Today my son’s kindergarten class is hosting a virtual Wacky Wednesday. He decided to wear his Macon Bacon t-shirt because a piece of bacon playing baseball is pretty wacky. The Macon Bacon is part of the Coastal Plain League, an amateur baseball league comprised of college baseball players from schools like Georgia College and Eastern Kentucky. Last August, in the slow heat of the Georgia Piedmont, our family went to a match-up between the Macon Bacon and the Savannah Bananas. There was no breeze blowing through historic Luther Williams Field. The ball field was built in 1929, and has seemingly stood still in time for the last 90 years.
The game was a highlight of our summer. On a Friday afternoon, we drove down to my hometown and met my mom. We dined on Macon’s famous Nu-Way Wieners. At the ball field, my son excitedly sought out Kevin, the team’s half person, half bacon mascot, to take a picture with him. The baseball wasn’t very good, and I don’t remember who won, but that wasn’t the point.
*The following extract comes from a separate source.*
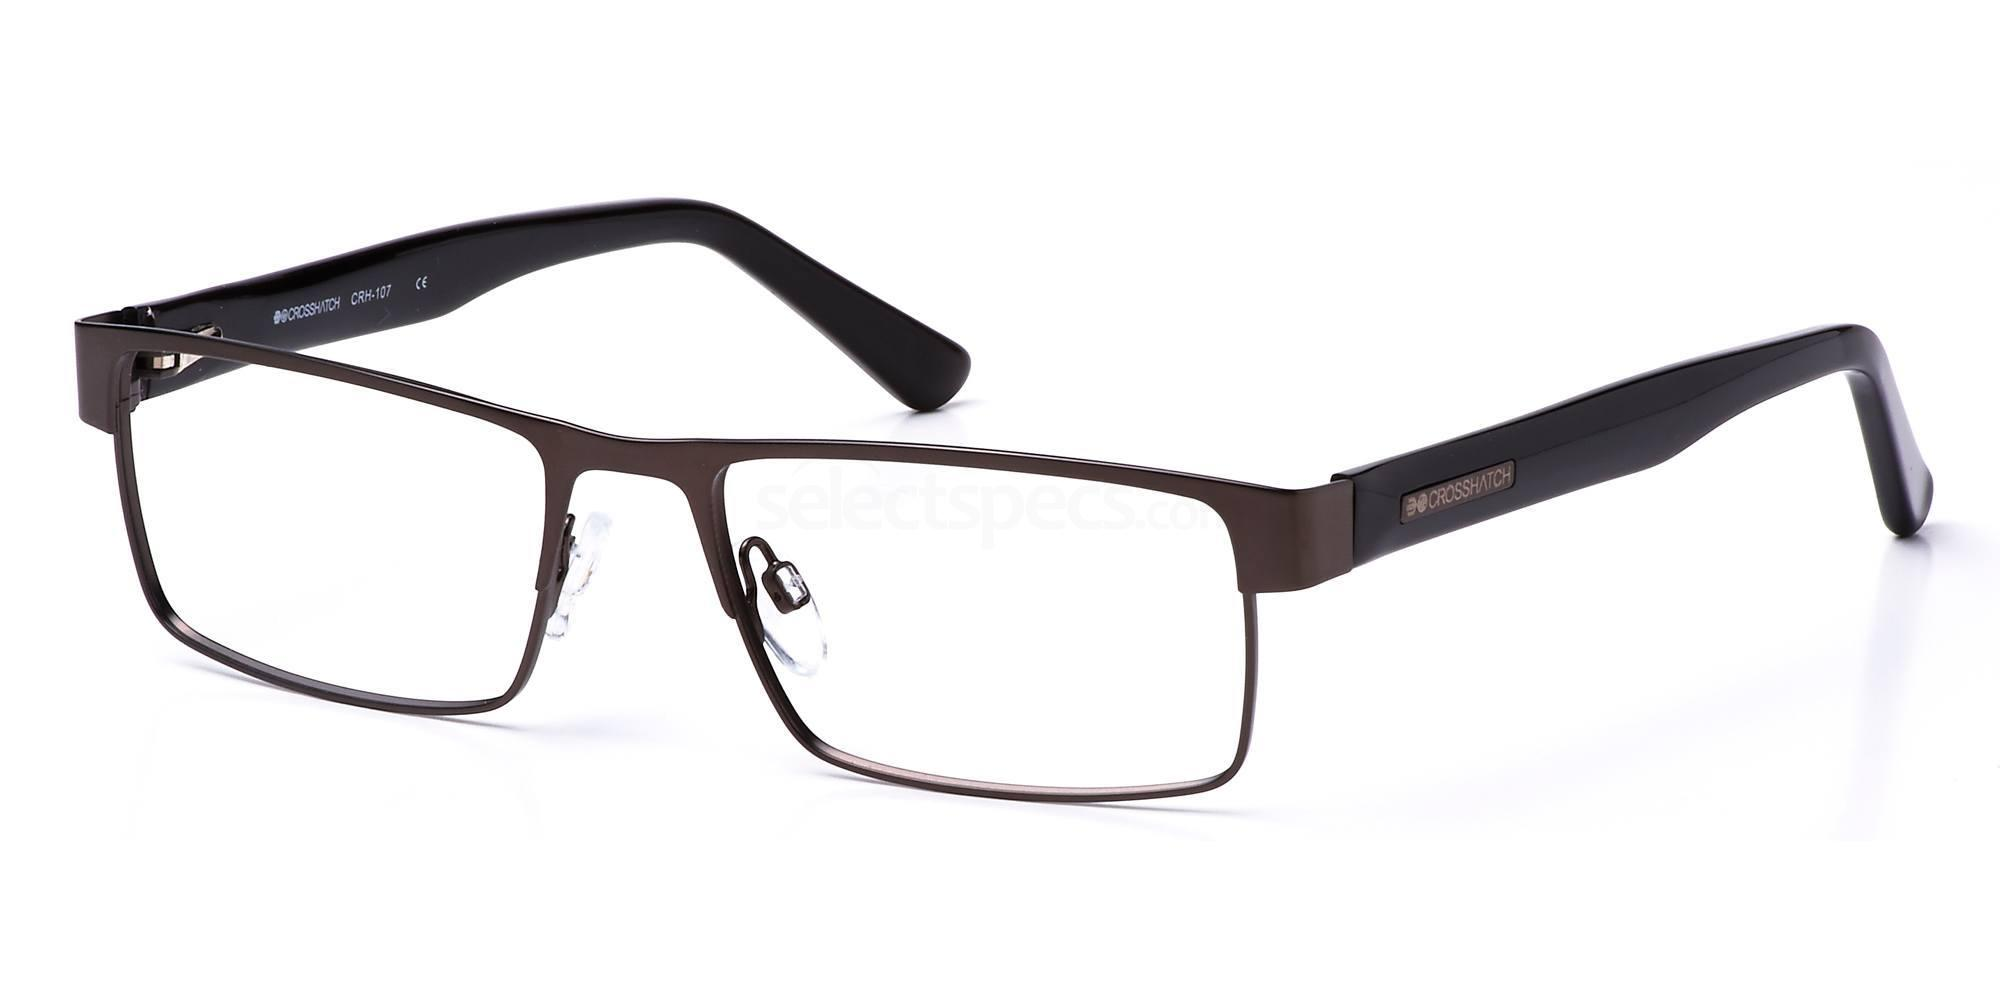 C1 CRH107 Glasses, Crosshatch

That time seems so far away on this Wacky Wednesday. Now every day feels like we’re living Wacky Wednesday. Last week, Anne and I heard from one of our partners, “If you would have told me a month ago that I would be talking about where to get toilet paper on a work call I would have thought you were crazy.” We are all pretty shocked that our lives have shifted so dramatically, from supply scarcity, to virtual everything, distance learning, grocery delivery, job losses, and grief.
It all feels pretty wacky.
What I loved so much about the Macon Bacon game was being in community with people I loved and people I didn’t even know, the connection to my hometown, and introducing my son to a part of my history. We all still want those things today. Our brains are struggling to make sense of the rapid changes happening all around us. We struggle through the bewilderment of how to maintain and find that authentic, deep connection to family, friends, and colleagues during the pandemic.
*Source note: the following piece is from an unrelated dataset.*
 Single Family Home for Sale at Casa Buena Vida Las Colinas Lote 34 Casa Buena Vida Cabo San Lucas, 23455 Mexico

The team at SEEA and I have consciously slowed down our work and our pace of activity. We believe now is a time to reach out to our partners and observe what the real needs are in this new era before we move into action. Yesterday, Cyrus and I were on a video call with another close partner and he started out by saying, “Well I am not sure why we are talking today.” My response was that we care about him and just wanted to see how he was doing. I could instantly see a sense of relief come over him. He appreciated that we simply wanted to know how he and his family are doing. We got around to talking about work later in the call. When we approach opportunities for connection with vulnerability and curiosity, we experience deeper, and more meaningful relationships.
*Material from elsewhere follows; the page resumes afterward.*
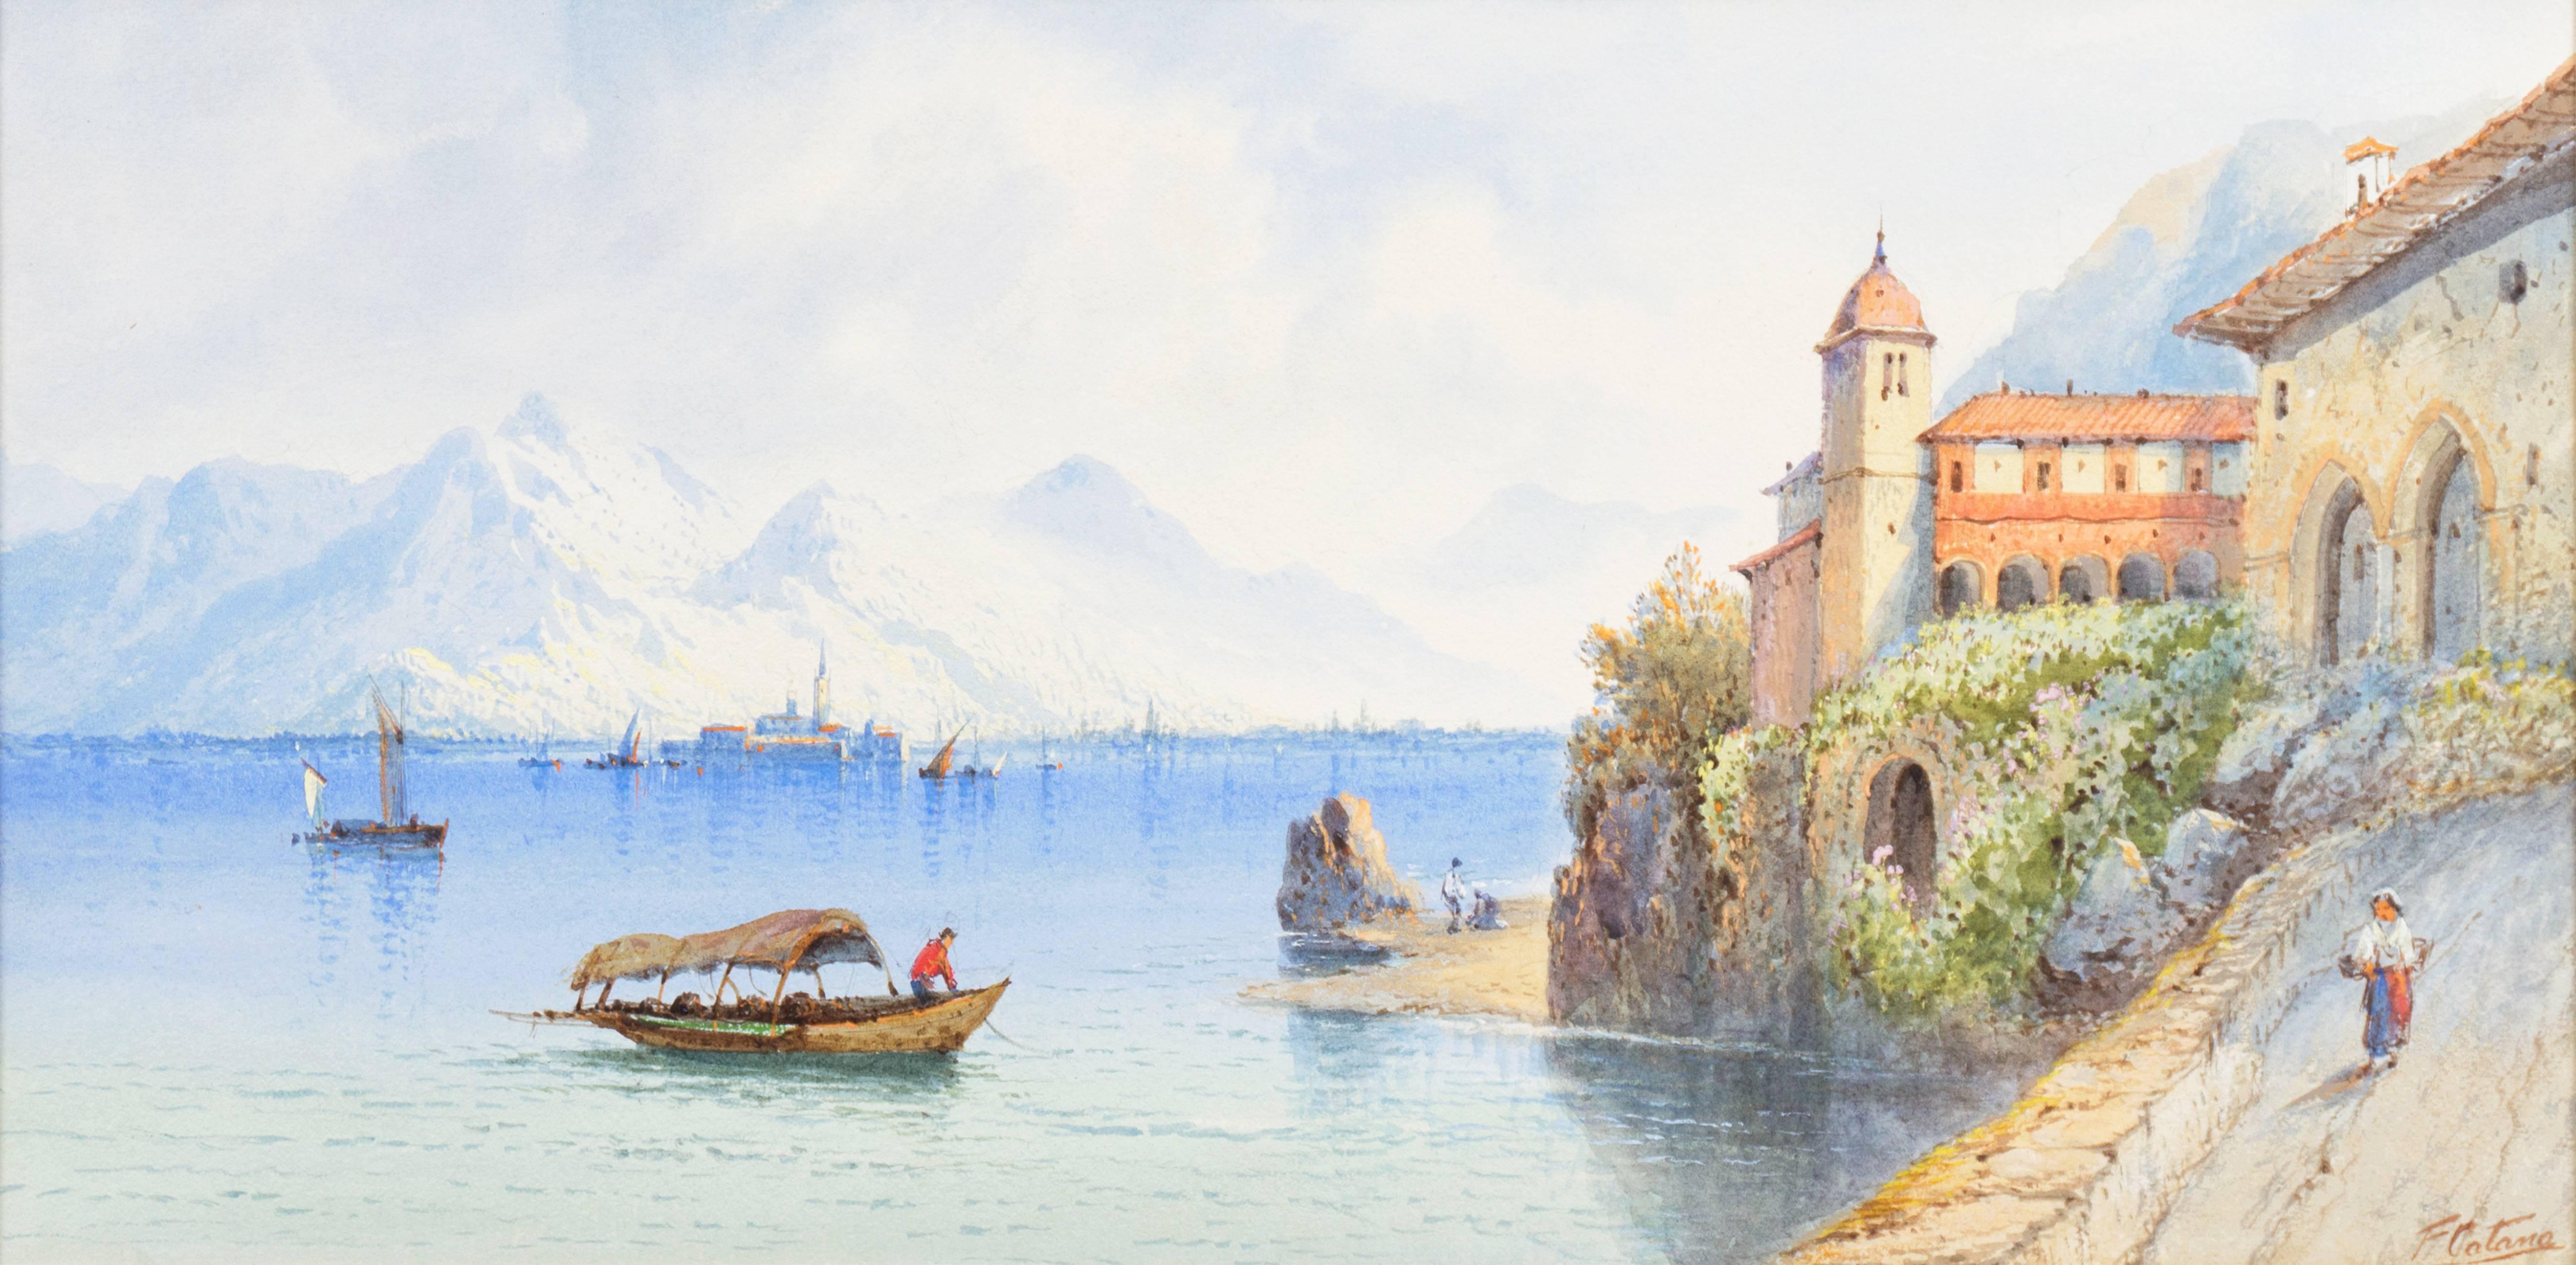 View of Lake Como, Italy

Our conversations with partners and stakeholders over the last 10 days have given us some glimpses of the needs and strategies. We find a consistent concern about the burden of energy bills for the waves of workers laid off from the restaurant, retail, and many other impacted industries. We also hear a theme that we both want to respect the real suffering of this time while also not missing the opportunity to build back better.
We want to connect with you. We want to hear your thoughts, reflections, concerns, and ideas. We are better and stronger together.